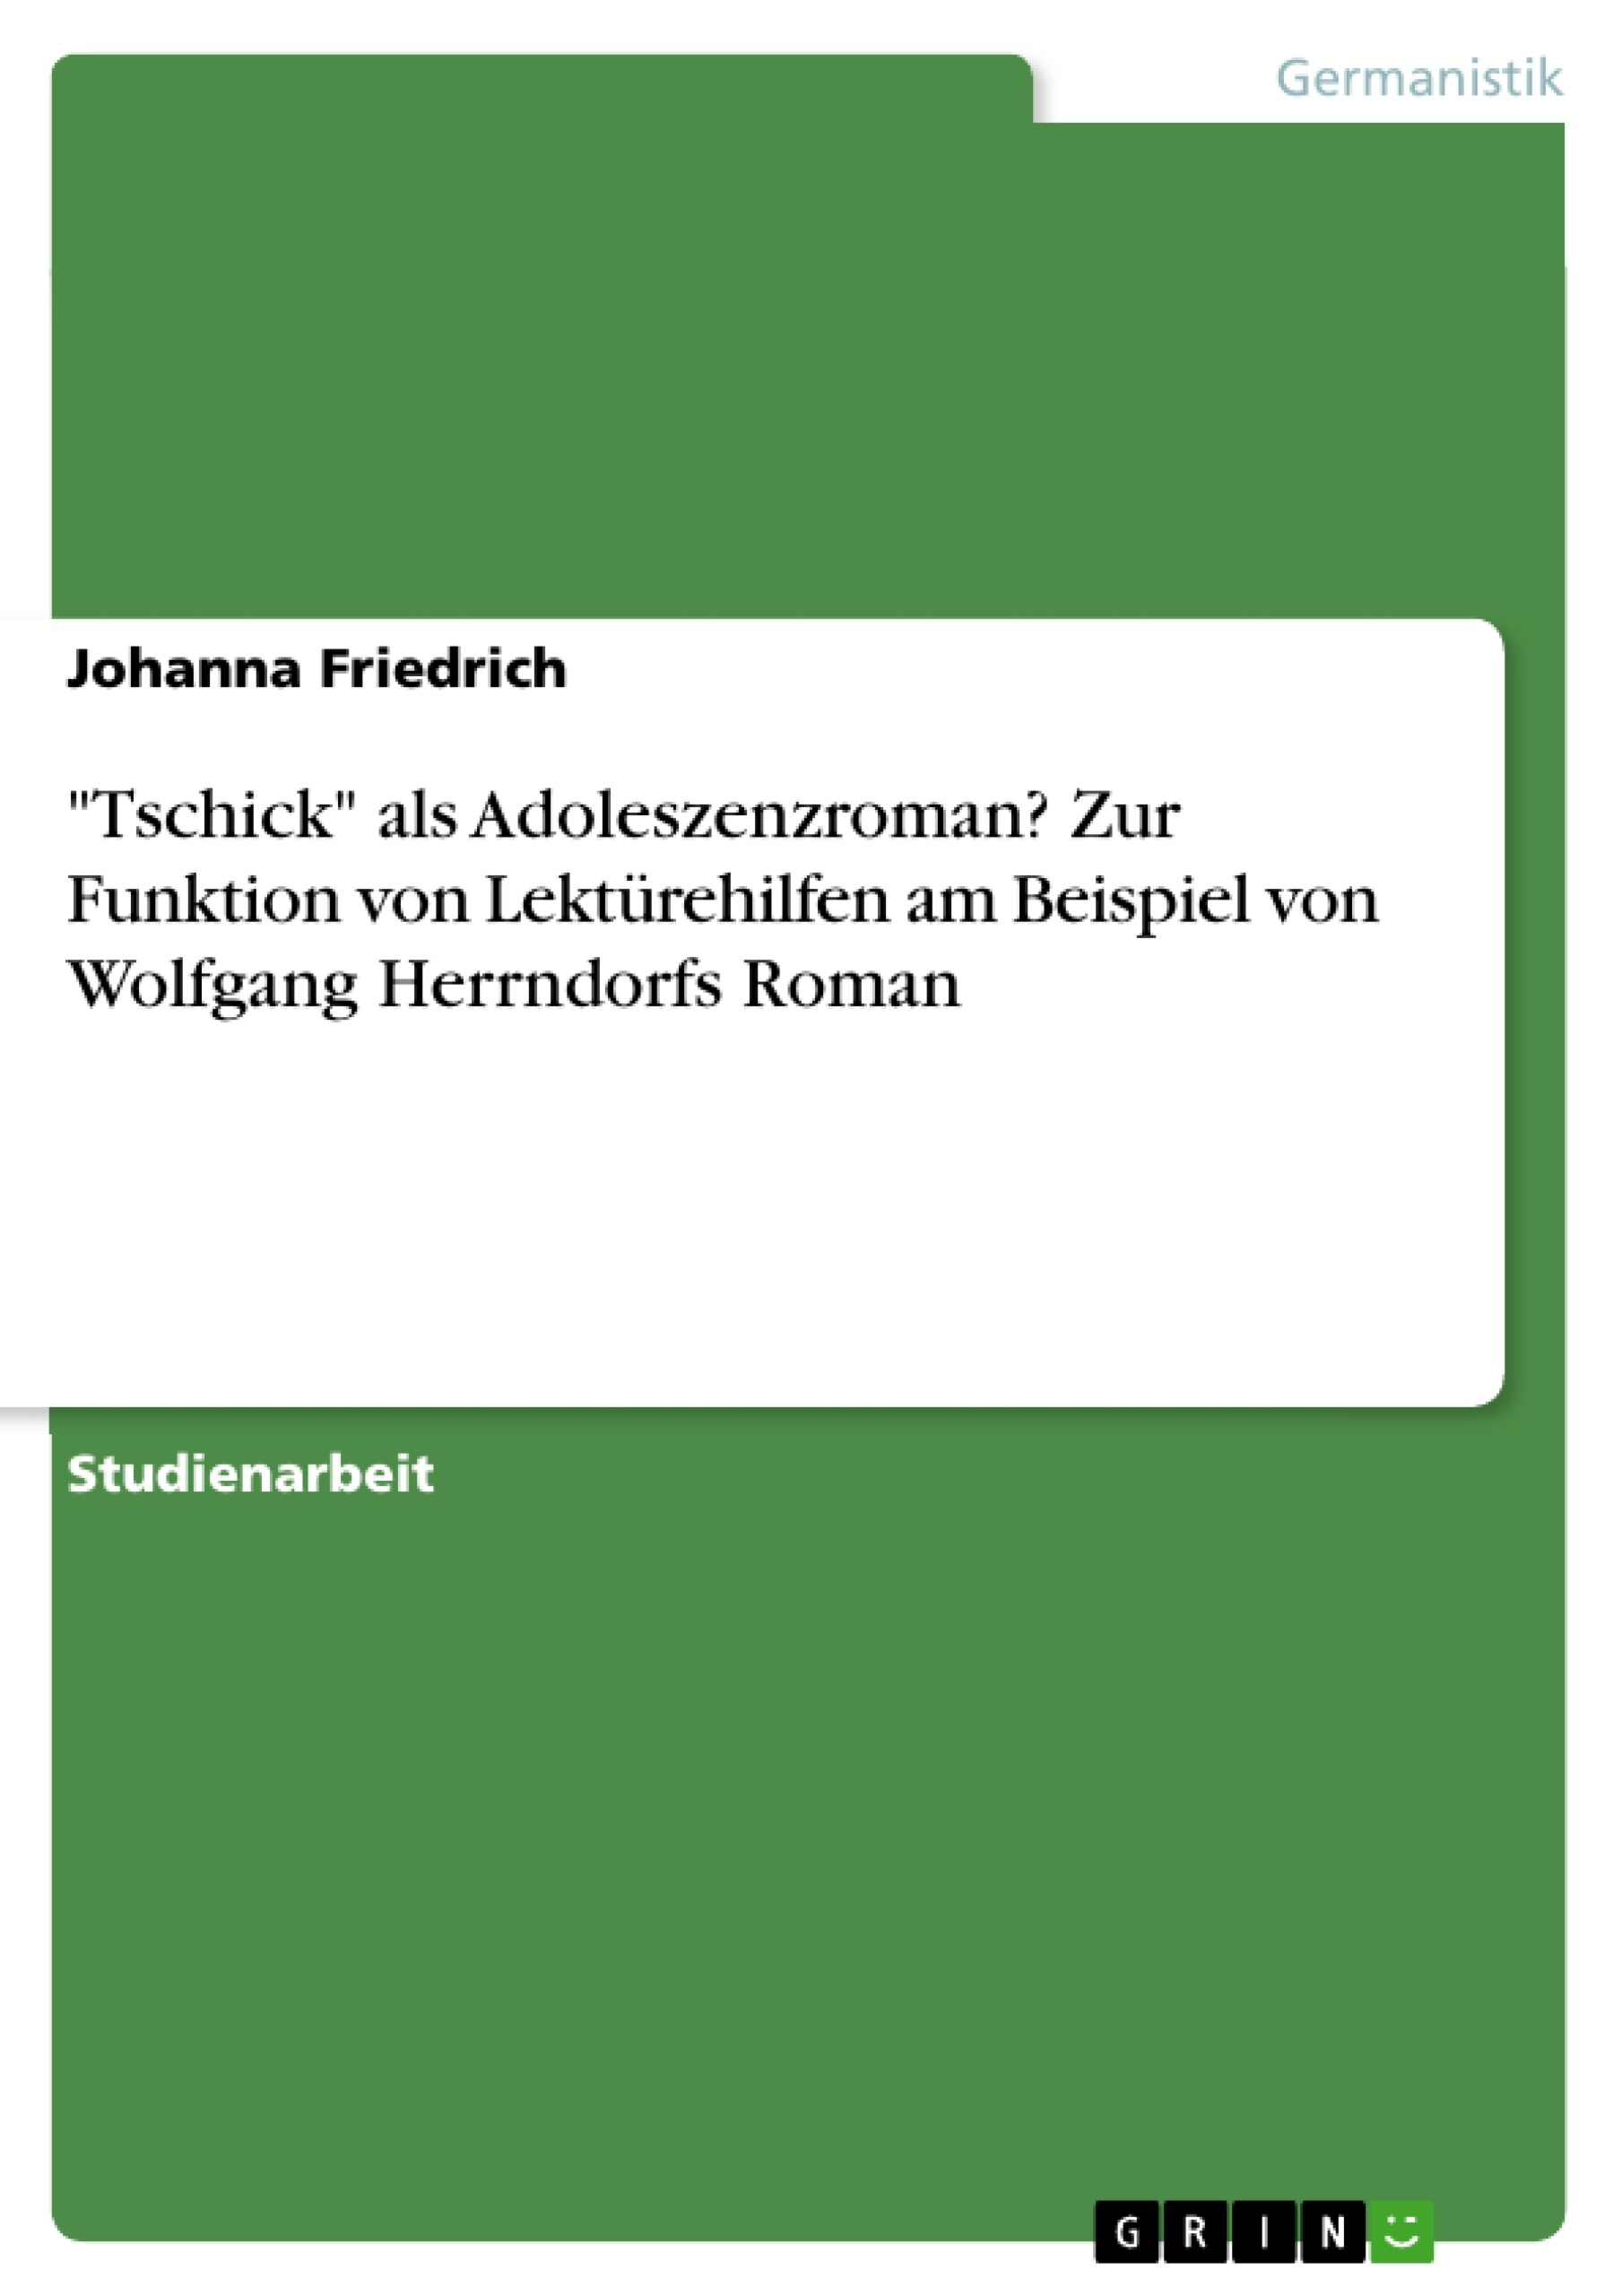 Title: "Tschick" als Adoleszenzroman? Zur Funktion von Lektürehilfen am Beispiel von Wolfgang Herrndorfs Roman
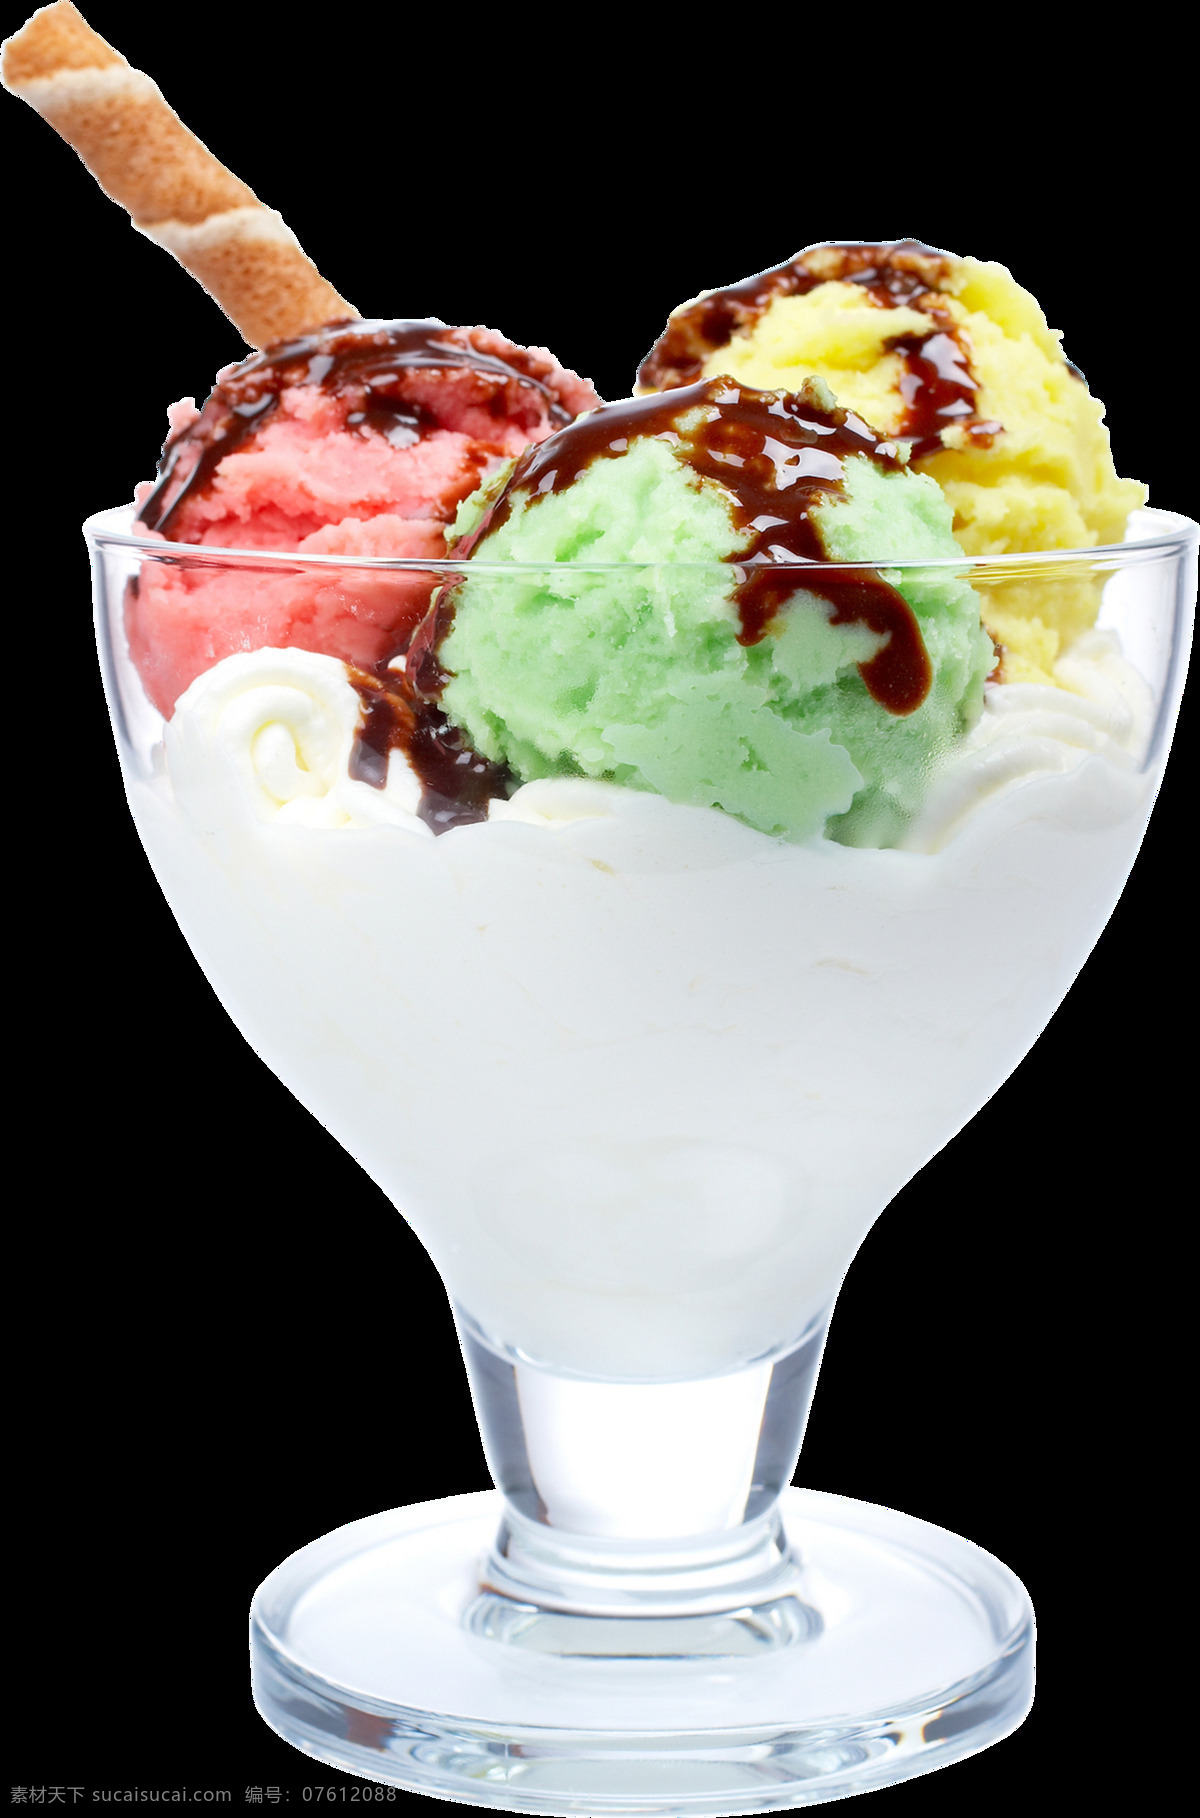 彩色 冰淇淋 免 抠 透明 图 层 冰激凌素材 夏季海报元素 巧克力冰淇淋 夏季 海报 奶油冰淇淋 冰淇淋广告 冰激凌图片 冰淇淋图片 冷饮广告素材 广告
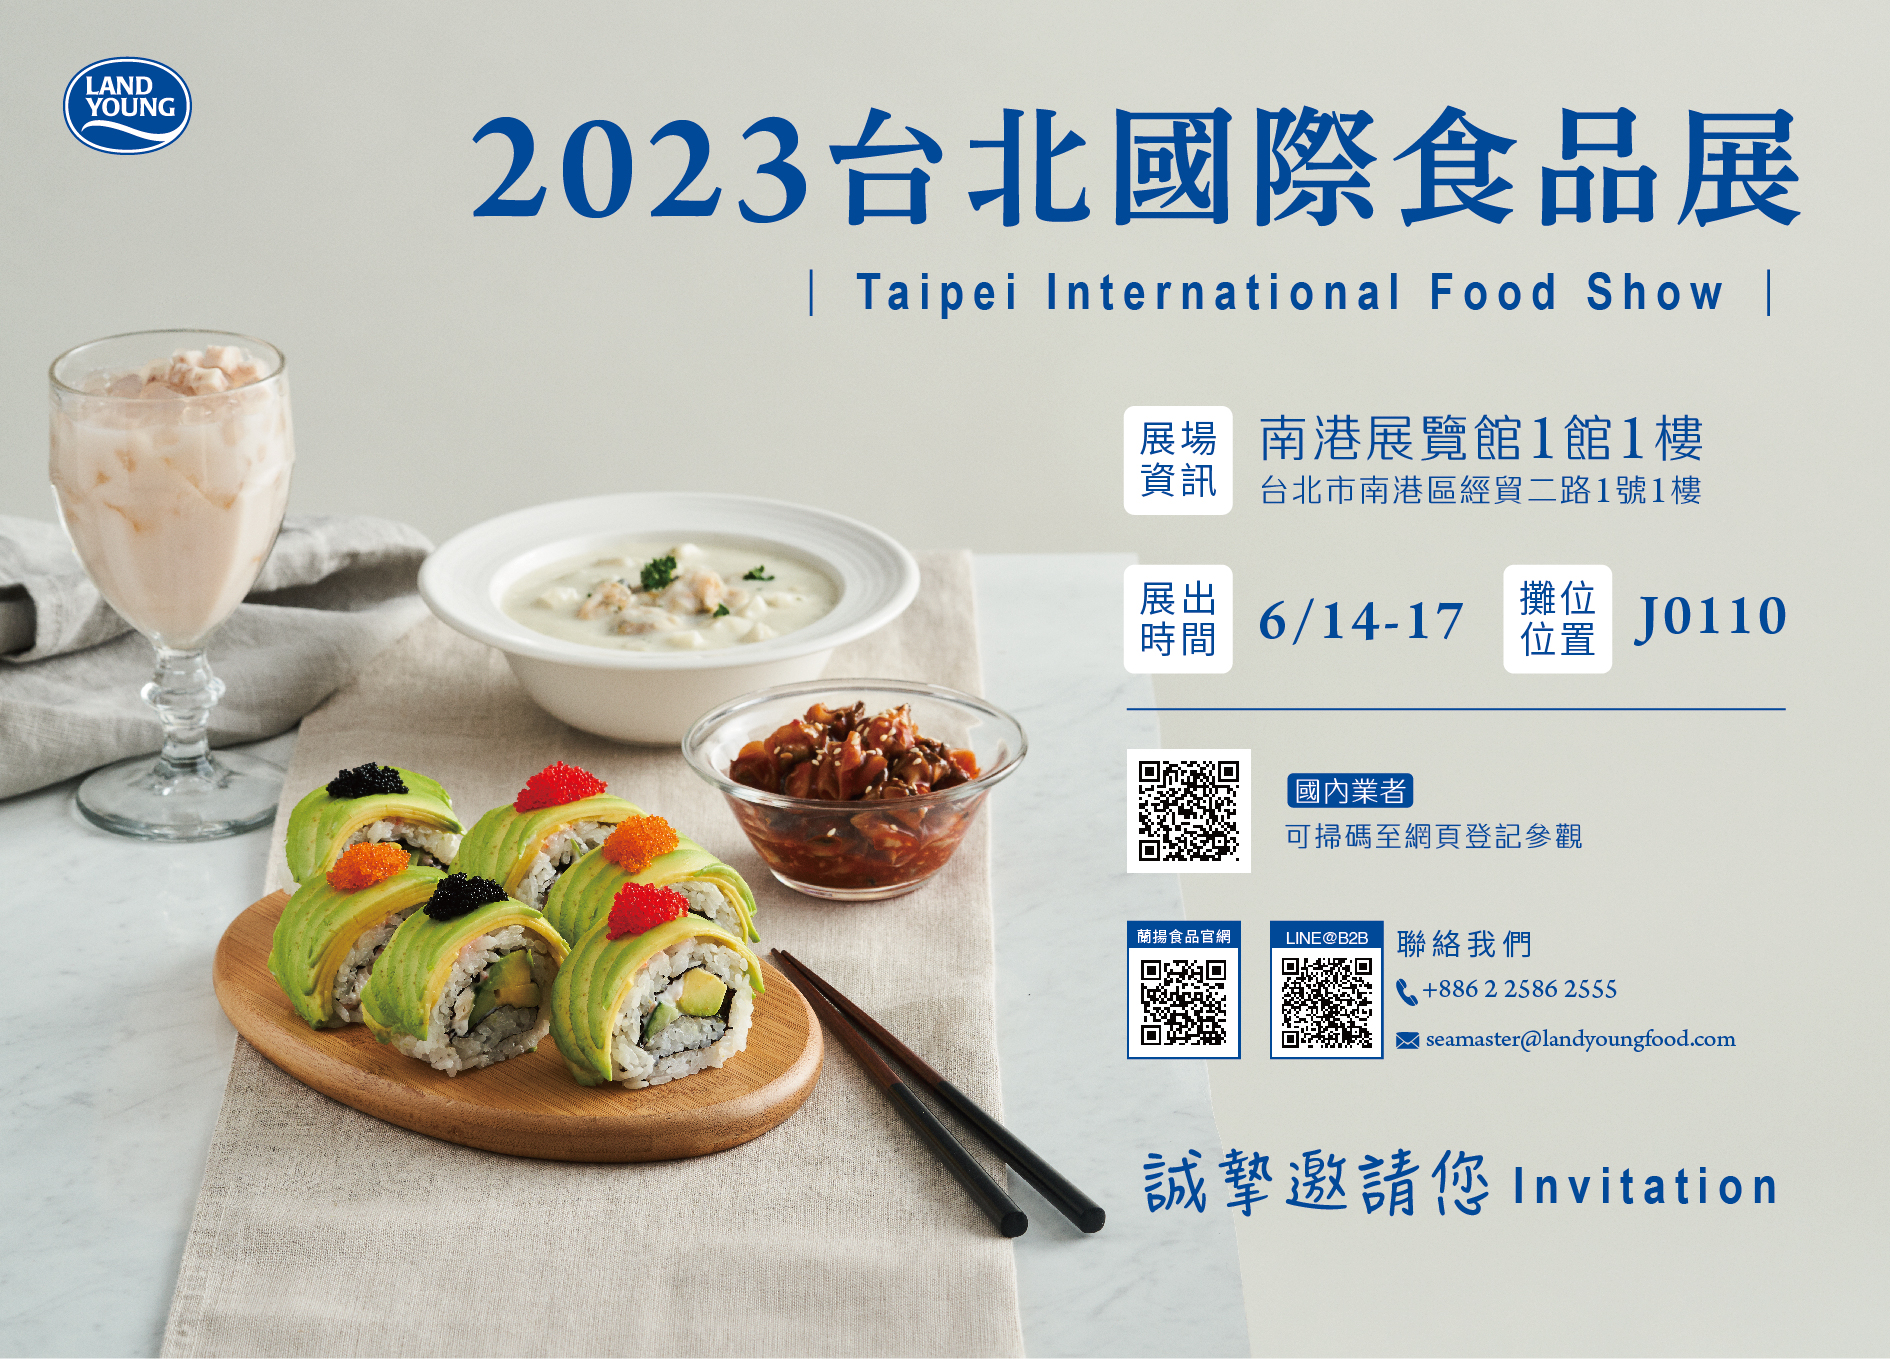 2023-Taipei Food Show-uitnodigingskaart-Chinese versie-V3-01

**WORK ORDER:** Your copy of the data should match it exactly, apart from the images, which are omitted.

**OUTPUT OF THE EXERCISE:**
 Title: "Tschick" als Adoleszenzroman? Zur Funktion von Lektürehilfen am Beispiel von Wolfgang Herrndorfs Roman
 彩色 冰淇淋 免 抠 透明 图 层 冰激凌素材 夏季海报元素 巧克力冰淇淋 夏季 海报 奶油冰淇淋 冰淇淋广告 冰激凌图片 冰淇淋图片 冷饮广告素材 广告
 2023-Taipei Food Show-uitnodigingskaart-Chinese versie-V3-01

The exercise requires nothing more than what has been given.